Trace of a matrix and an expansion of eigenvectors

[CuppoJava]

Hi,
I'm trying to derive the Kullback-Leibler divergence between two multi-variate gaussian distributions, and I need the following property. Is there a simple way to understand this?

Prove that:
Given that E has orthonormal eigenvectors u_{i} and eigenvalues \lambda_{i}

Then:
trace(A*E) = \sum_{i}u^{T}_{i}*A*u_{i}*\lambda_{i}

I'm not quite sure how to start. I suspected that it can be proven by looking at block matrices but I didn't get anywhere with that. Thanks a lot for your help.
-Patrick

 

[tiny-tim]

Hi Patrick!

(have a sigma: ∑ and a lambda: λ and try using the X₂ tag just above the Reply box )

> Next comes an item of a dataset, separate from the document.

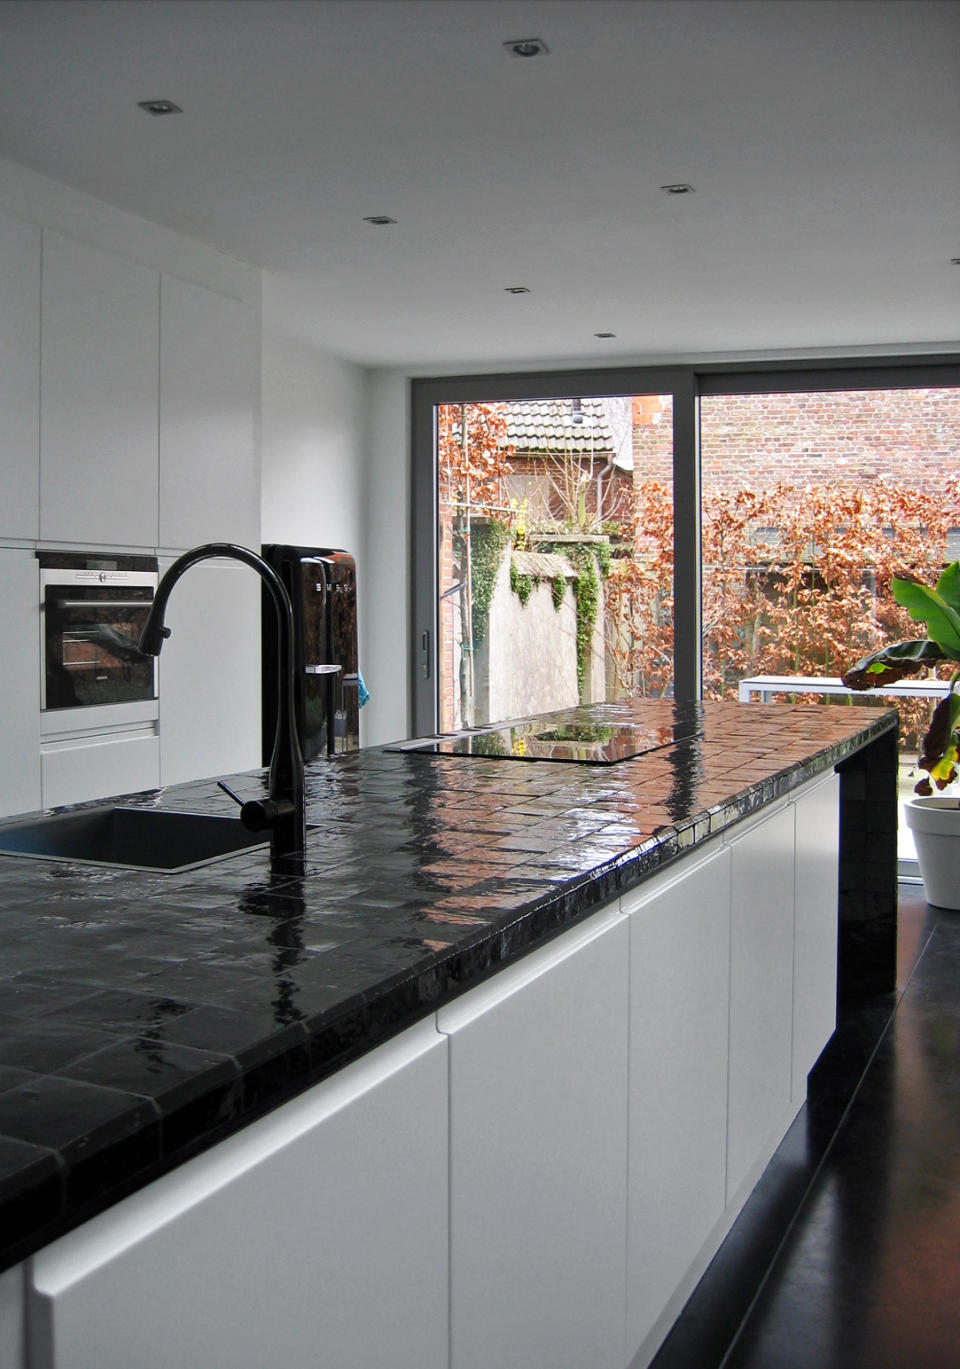 10. Make a statement with a tiled kitchen island

If the u_i are orthonormal, then they can be used as a basis, and in that basis tr(AE) = ∑ λ_iA_ii

Then transform back to a general basis, and you get the result given.

(there's probably a more direct way of doing it, also! )

 

[CuppoJava]

Thanks Tiny_Tim. It took me a while to figure out the details but I finally got it. Your advice worked perfectly!

PS: And thanks for the generous greek letters. =)